Posso parlare male del volontariato?

di Aldo Giannuli

Sicuramente molti dei pochi che mi leggono staranno storcendo il naso già dal titolo: se c’è una cosa virtuosa, di cui non si può dire che bene, è il volontariato, espressione di altruismo, di senso civico, di dedizione agli ideali. Come si fa a parlare male di una cosa così nobile? Si può, si può…

Intendiamoci, non biasimo affatto l’idea in sé di donare proprio tempo ed  energie per migliorare la società e soccorrere chi ne ha bisogno. Anzi auspico che molti altri lo facciano, ma nelle forme giuste e non ideologiche, perché il volontariato non può e non deve essere una forma di ideologia del “bene comune”.

Il problema è che fare “del bene” (usiamo questa espressione logora ma utile a capirci) non è affatto una cosa semplice e va fatta con il cervello, il “cuore” da solo non basta e spesso fa danni. La giovane cretina che, con la benedizione del Comune, invasata dal sacro fuoco di fare la “cosa giusta” ed armata di pennelli, inizia a ripulire le mura cittadine dagli scarabocchi  degli imbrattatori, è capacissima di cancellare un murales che, invece, ha ragione di essere, è gradito dagli abitanti ed ha un suo valore estetico e magari artistico; una così è un pericolo pubblico a cui sarebbe bene proibire di uscir di casa. Il “volontario” che vola in zona di guerra senza nessuna cautela e si fa catturare, obbligando lo Stato a darsi da fare per la sua liberazione e sborsare un ingente riscatto, è un imbecille che andrebbe lasciato nelle mani dei suoi rapitori, così impara. Il soccorritore improvvisato può fare danni ancora peggiori all’infortunato e così via.

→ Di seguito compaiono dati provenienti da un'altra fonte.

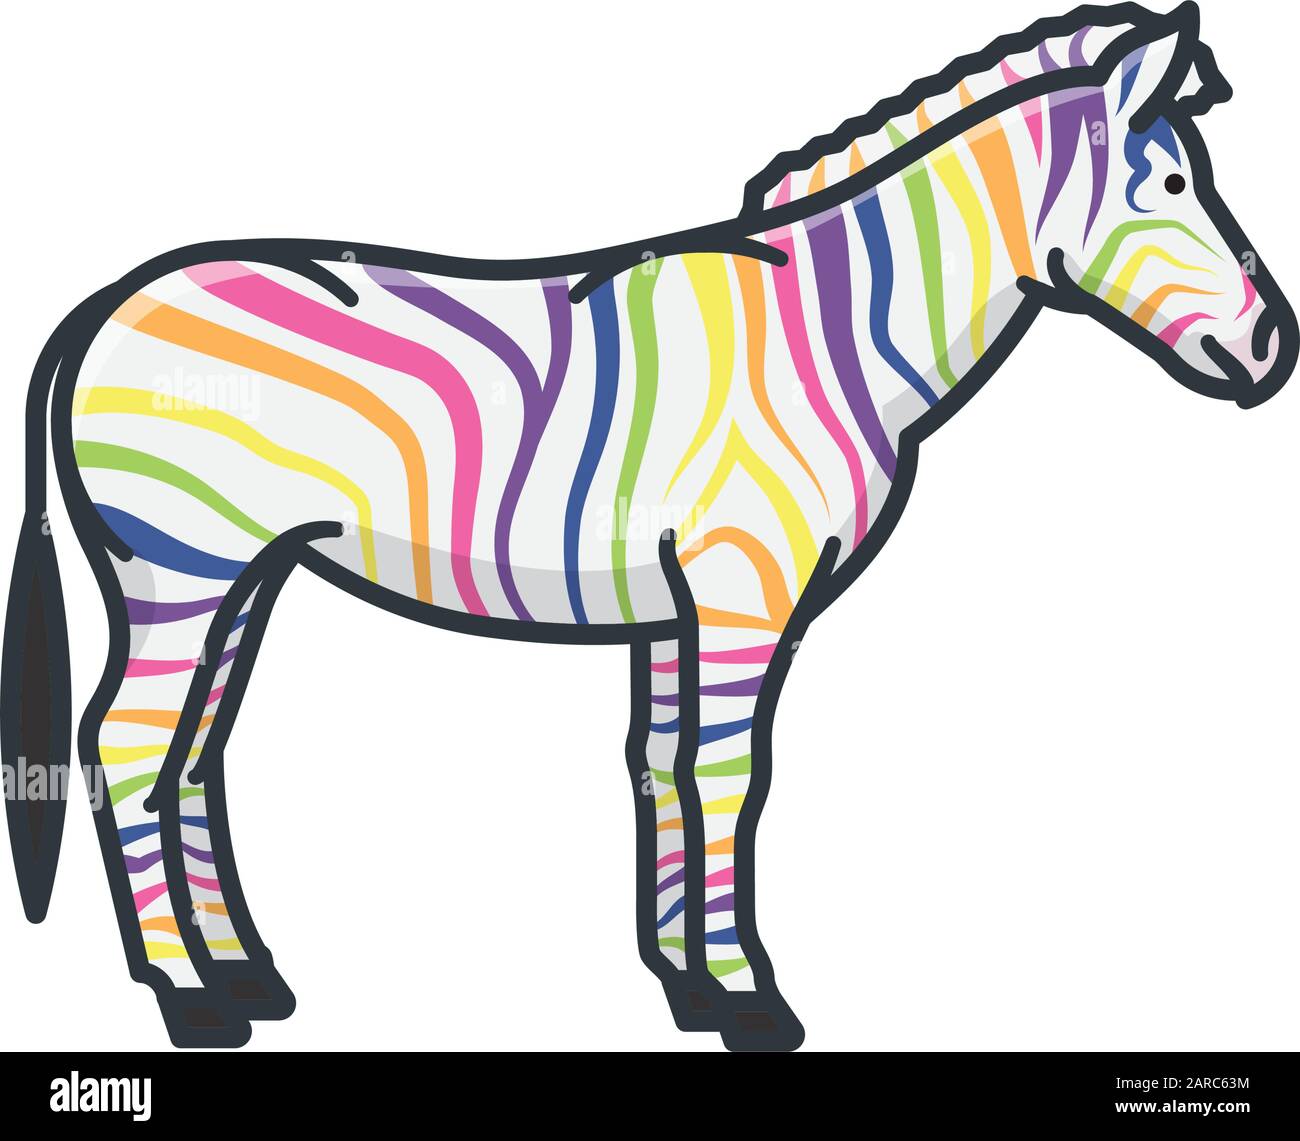 Immagine vettoriale isolata con zebra colorata in arcobaleno. Unicità e rarità simbolo di concetto. Illustrazione Vettoriale

Quindi, in primo luogo, attività del genere andrebbero sottratte all’improvvisazione, preparate, organizzate. Ma qui scatta una trappola molto più pericolosa: quella del falso volontariato. Nel mondo ci sono i truffatori perché ci sono gli stupidi e così il mondo è pieno di false società benefiche, enti morali, onlus e chi più ne ha più ne metta, che sono nidi di profittatori che lucrano sul lavoro di un branco di deficienti convinti di essere angeli. Ricordo che, nei primi anni novanta ci fu una indagine sulle associazioni di volontari che si occupavano di accoglienza agli immigrati, cosa nobilissima che non può che trovarmi d’accordo. Peccato che poi sia emerso che queste associazioni consumavano l’87% (ho detto ottantasette per cento) delle risorse raccolte fra contribuzioni pubbliche e sottoscrizioni private, per il mantenimento delle proprie strutture e personale, destinando solo il 13% alle attività di accoglienza.

Poi, nel caso di volontariato in zone di guerra, la cosa si presta magnificamente ad infiltrare spie, contractors travestiti, contrabbandieri e trafficanti tutto ecc.: una cuccagna per i servizi di intelligence di tutto il mondo. Il che non vuol dire che non esistano organizzazioni che fanno più che dignitosamente il proprio lavoro (Medici senza frontiere, Emergency ecc.) il guaio è che ci sono una valanga di patacche, finte associazioni e simili che sono il veicolo delle peggiori porcherie ed anche le organizzazioni più serie devono guardarsi le spalle dai tentativi di infiltrazione. Esattamente come i missionari (lontani progenitori dell’attuale volontariato) che, durante il colonialismo, hanno edificato scuole, ospedali, centri di formazione professionale, ma sono stati anche l’alibi di copertura alle occupazioni militari, i primi agenti di penetrazione e, spesso, il veicolo di operazioni di spionaggio, di colonizzazione culturale, ecc. Si diceva che dietro il missionario veniva il mercante e, dietro tutti due, il soldato europeo con la sua artiglieria. Se andiamo a fare il calcolo di costi e benefici, siamo sicuri che i missionari abbiano fatto più bene che male?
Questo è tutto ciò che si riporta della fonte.